## What needs to be done
Restate the whole listing below word for word and keep the images out.
-- Data provided follows --
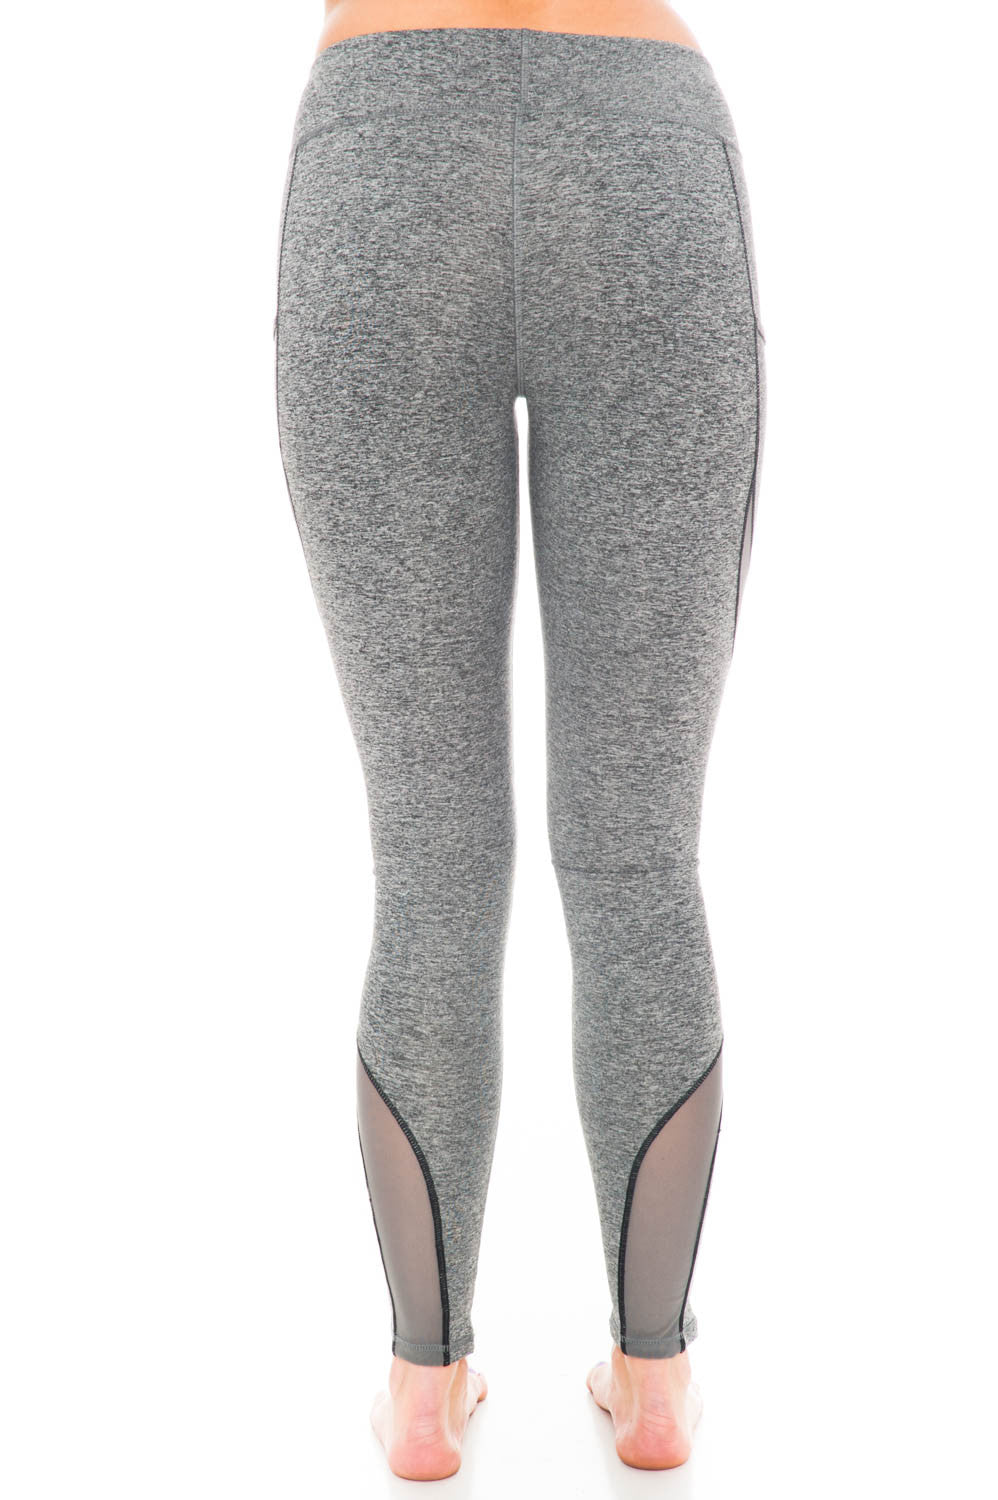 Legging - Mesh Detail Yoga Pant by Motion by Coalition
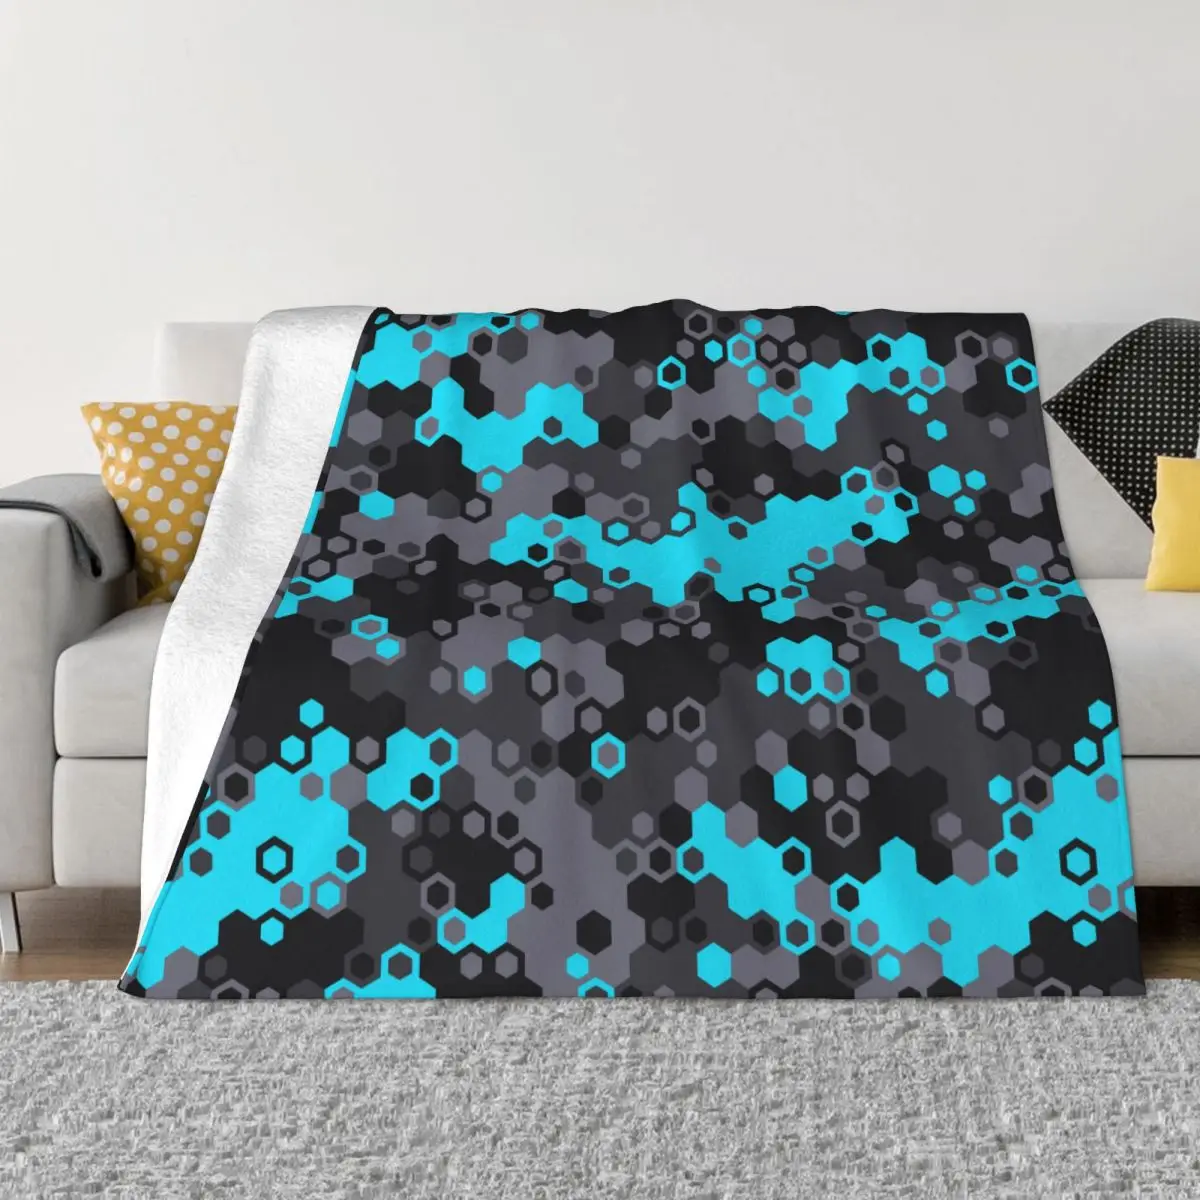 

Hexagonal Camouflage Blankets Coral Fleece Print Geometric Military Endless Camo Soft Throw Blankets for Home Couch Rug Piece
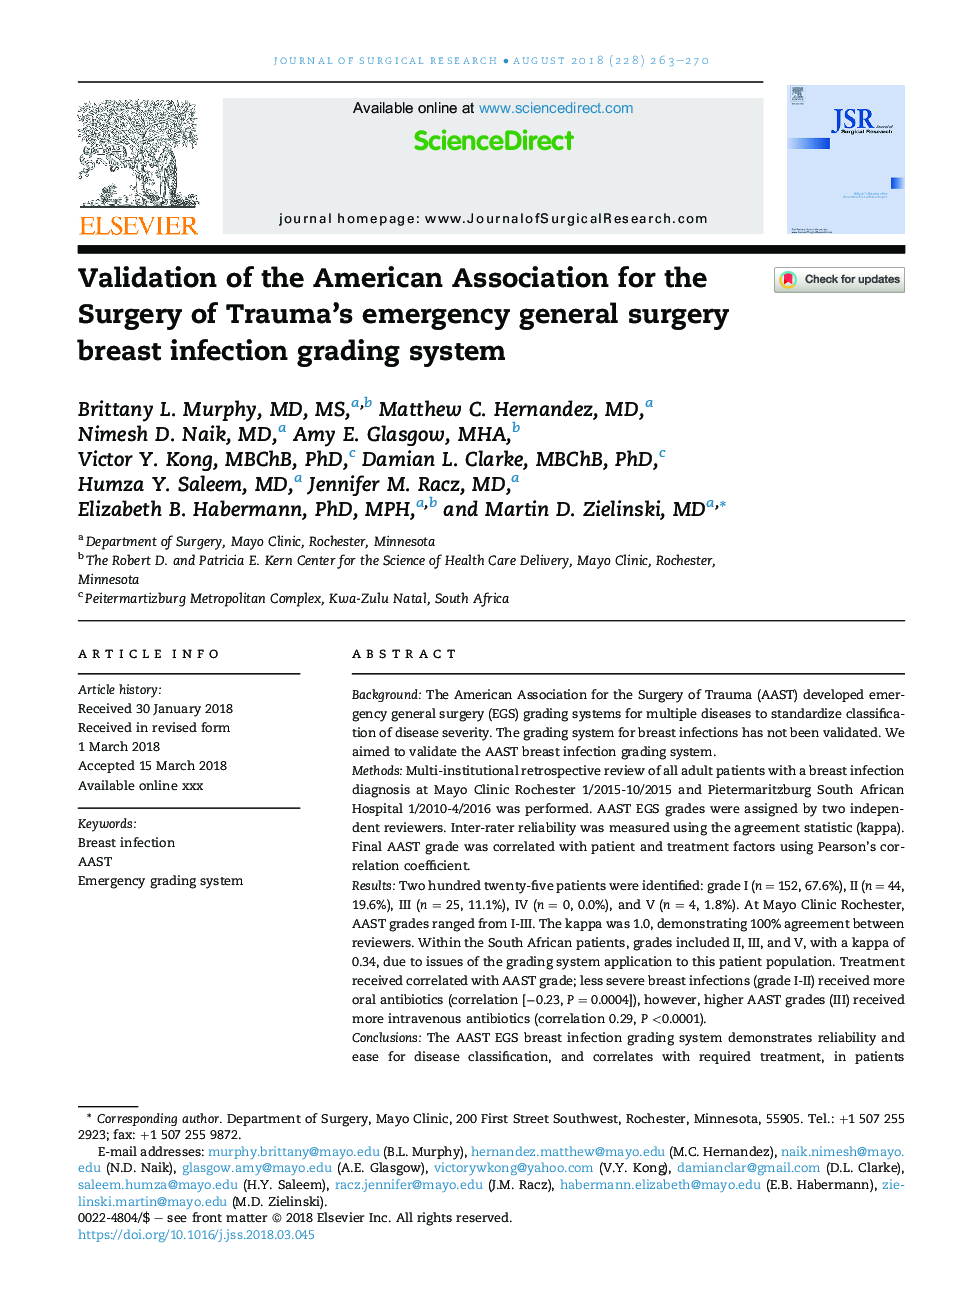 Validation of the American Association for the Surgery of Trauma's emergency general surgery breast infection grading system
-- Data provided concluded --
## Exercise response
 Legging - Mesh Detail Yoga Pant by Motion by Coalition

Hexagonal Camouflage Blankets Coral Fleece Print Geometric Military Endless Camo Soft Throw Blankets for Home Couch Rug Piece
 Validation of the American Association for the Surgery of Trauma's emergency general surgery breast infection grading system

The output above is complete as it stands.